I saw an interesting talk at last night's Providence Geeks by a startup called Tracelytics. Their product is something you could roughly call "Firebug for the server side." Tracelytics provides software profiling across the entire server side of a request. Now this isn't necessarily anything new (DynaTrace comes to mind) but what's interesting is that Tracelytics actually profiles the entire request path, from the web server through the app server across RPC boundaries and even through the database. So you can, for instance, see how much of the request time was consumed in your web front-end before the request was passed off to the app server, or see that there's a cache miss in one of your services (running on a separate machine) that's gumming up the works.
The product essentially consists of two parts. Its core is X-Trace (brainchild of Brown CS professor Rodrigo Fonseca) which provides the instrumentation. When the code is executed, X-Trace essentially performs all of the profiling and spits out raw metrics (akin to a log file). What Tracelytics is selling is the software and services that analyze those log files and provide all sorts of flashy graphs that make it possible to consume the raw data and visually determine where your computing power is being spent.
The X-Trace piece includes modules for various platforms (MySQL, Rails, PHP, Lighttpd, etc.) and is pledged to be open-sourced, which is super cool. Unfortunately, everything visible (all the fancy Gantt charts and stuff) are the 'analytic' part that presumably will not be free. (Hey, they have to make money somehow.) But someone from the community could (for instance) release a Firebug plugin to retrieve and visualize the sever-side trace for your last request.
A couple questions I have which hadn't been asked at the meeting...
- How much do you have to tell X-Trace about your architecture? That is, do I need to say "the app server connects to the background processing service" or is it all transparent if it's instrumented?

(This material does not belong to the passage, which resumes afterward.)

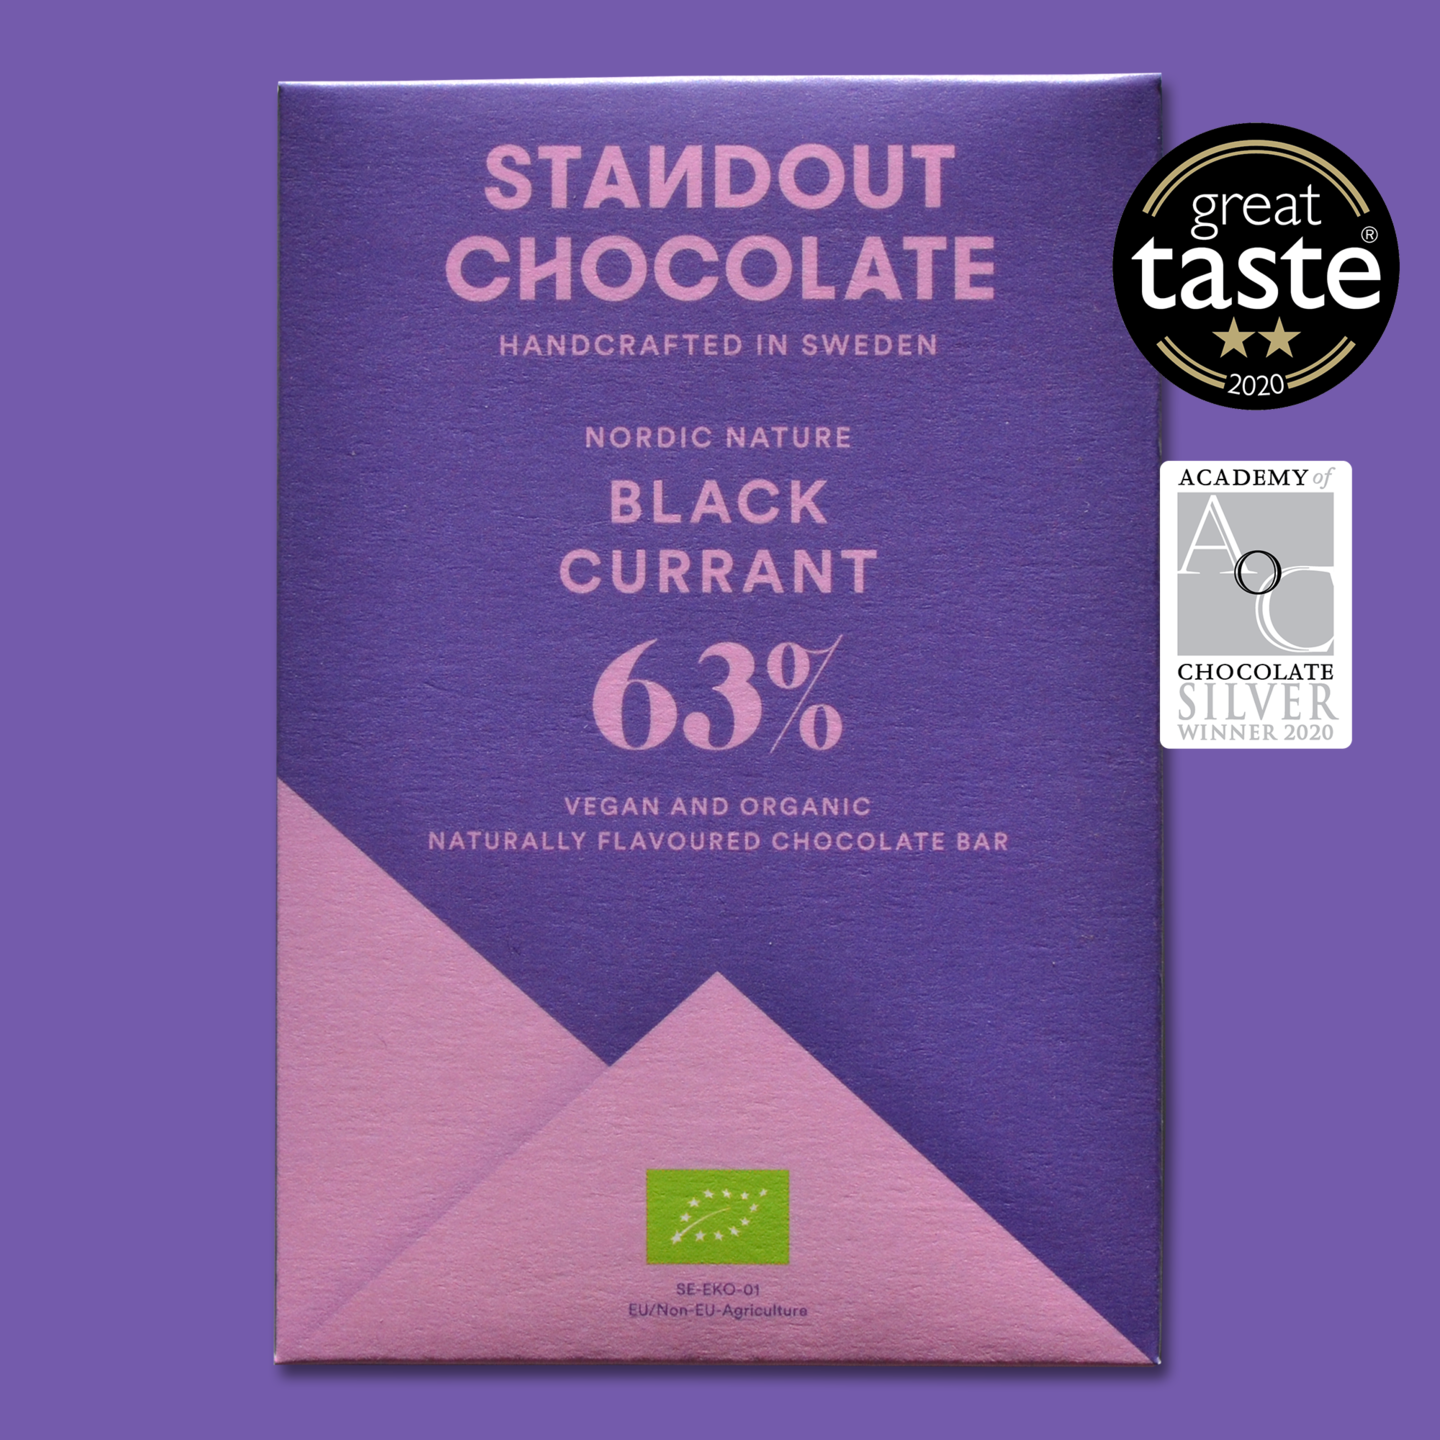 STANDOUT CHOCOLATE | Dunkle Schokolade & Johannisbeere Nordic Nature »Black Currant« 63% | 50g

- They mentioned that typically a small percentage of requests are sampled on the production system. But how are the requests chosen? If the code is instrumented, it typically comes at a performance penalty. Are two sets of code running, and only a portion of requests are directed to the instrumented code?
- How deep does the rabbit hole go? Their demo showed back traces across servers, which is cool. But can you see the OS-level call? (That seems like it would be excessive, but it would be neat.) I'm also curious if SQL calls are broken down beyond the query (e.g. can you see that you forgot to index a column that's being filtered?)
- Besides backtraces, can I see an execution time for every line of code? That seems like would be particularly expensive to track, but presumably doing so you could even find unused bits of code.
- Finally, do they support Java?
In any case, it's cool stuff, and as far as I know, something that's missing in the open-source world at the moment. They're looking for Alpha test partners -- unfortunately all my sites run on AppEngine -- Hit them up if you're interested.